Frankly, it’s a little too Saint Paddy’s Day for my taste, but when I wrap my throbbing palm around the cold glass and take my first swig of the bitter brown stout, I forget all about Danny Boy and decide I’ve come to the right place after all. As I raise my glass and silently toast the dogs, I am interrupted by shouting and giggling coming from the pool tables behind me. I shoot the kids a dirty look. The man nursing his beer next to me swivels on his bar stool. “Come on people, I told you once already, if you can’t keep it down we’re going to have to split!” The guy, a few years younger than me but almost as tired-looking, swivels back, sighs, and stares into his nearly empty glass.

“They all yours?” I ask.

He smiles weakly. “They belong to me. I’m sorry for the noise.” I reach my empty shot glass out toward the bartender.

“A couple more of these and I won’t hear a thing.” I’m not sure, but I think the look he gives me has some judgment, some holier-than-thou crap around the edges.

“You know, with six kids you really should be drinking something stronger than beer,” I say, picking up the gauntlet. “Bartender!

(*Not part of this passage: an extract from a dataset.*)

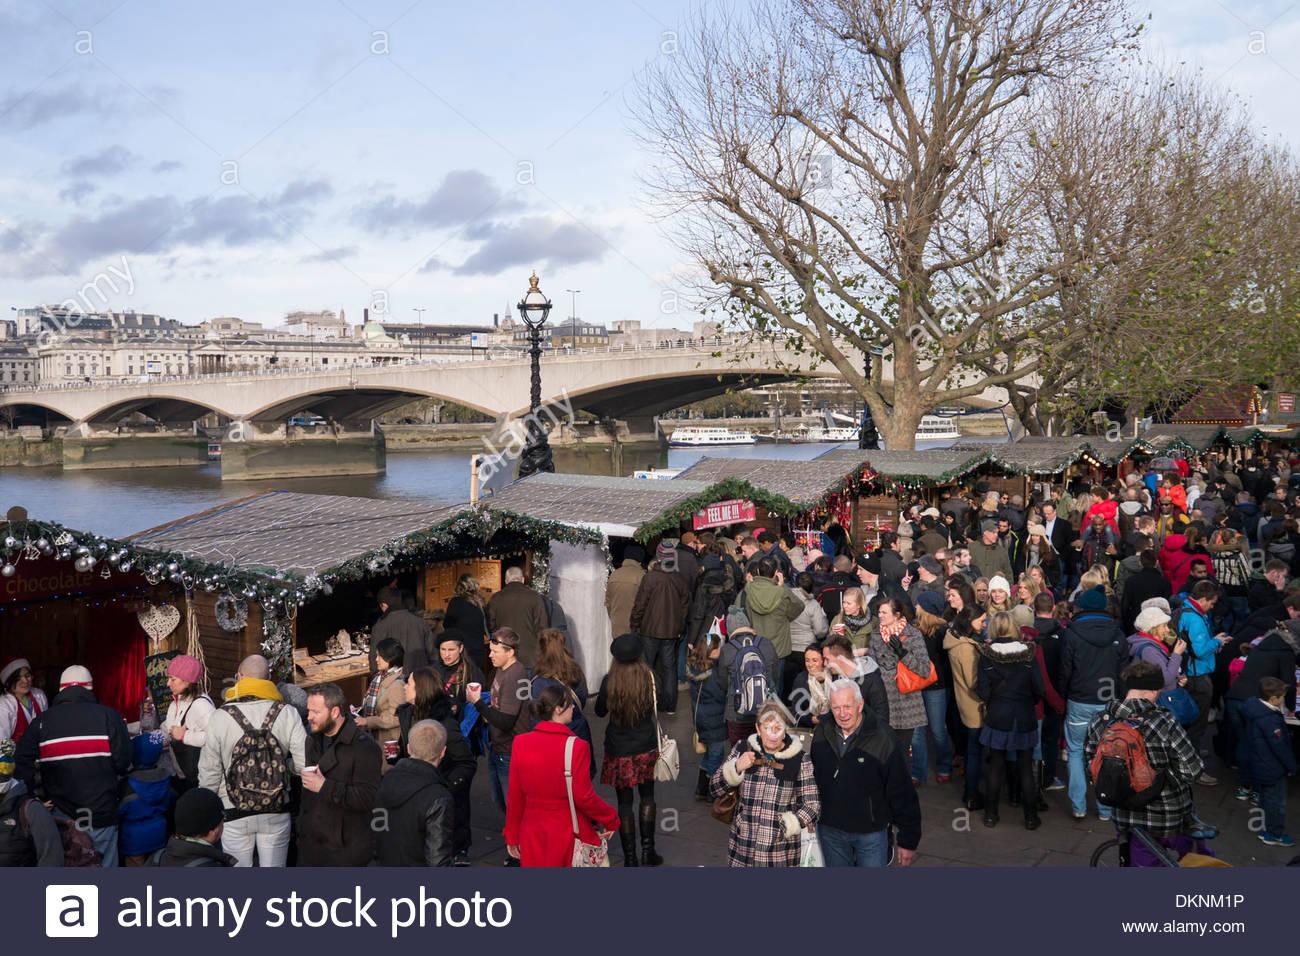 People enjoying the Christmas Market stalls on the South Bank: London. - Stock Image

Two shots of Glenlivet over here.”

“No, no,” the guy says. “Thanks. But … I can’t. It wouldn’t be appropriate.”

“And why’s that? Are you driving?” I ask.

“No. I have to be a good role model. It’s my job”

“That’s a terrible job.”

The guy laughs. “No, it isn’t. I’m a good teacher. And a good Catholic.”

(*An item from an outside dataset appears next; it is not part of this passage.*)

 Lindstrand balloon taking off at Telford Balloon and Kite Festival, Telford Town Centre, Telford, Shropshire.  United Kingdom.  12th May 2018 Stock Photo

“Oh,” I say, as if I know what either of those things means. All I really know is that I’m pretty sure he could use that shot. So I motion the bartender to set it down between us and to leave the bottle. “So they aren’t really yours.”

“They’re in my
care
,” he says, trying to smooth a long, blond wisp of hair behind his ear. “Confirmation class trip. Saint Ignatius of Antioch.”

I nod. “I don’t know it. Him.”

He shakes my hand. “Matt Gerson. We’re from Billings. But he—the bishop—was martyred in Rome.”

“Nice to meet you. Rick Blaine,” I say, using my current alias. “And the kids—they get a lot out of this, do they?” We look over and watch as one boy uses another for a dartboard.

“I have a reputation for relating well with the … rambunctious kids,” Matt says. “So I tend to get assigned the more … challenging children on trips like this. I try to think of it as a calling.”

“I’d call it getting shafted, Matt.”

“I take it you’re not a religious man …”

“I was religious against my will. And then only briefly.” But I tell Matt about it anyway.

Beverly Hills, 1958
. I had no choice in the matter. Neither did my parents. The stucco duplex we lived in, built in the 1920s and designed to look like a Tudor castle, belonged to my father’s father, who owned and ran a liquor store on Hollywood Boulevard. Twenty years ago, my grandfather, a man with virtually no education who read only Yiddish and spoke a garbled combination of the Old and New Worlds, had recognized a good investment. Since then, it had gone up in value tenfold—something he never missed an opportunity to remind my father of. “If my son was a real man,” he’d say, as if Pop weren’t in the room, “he could take care of his own family. Then I could sell this place for a bundle and retire.”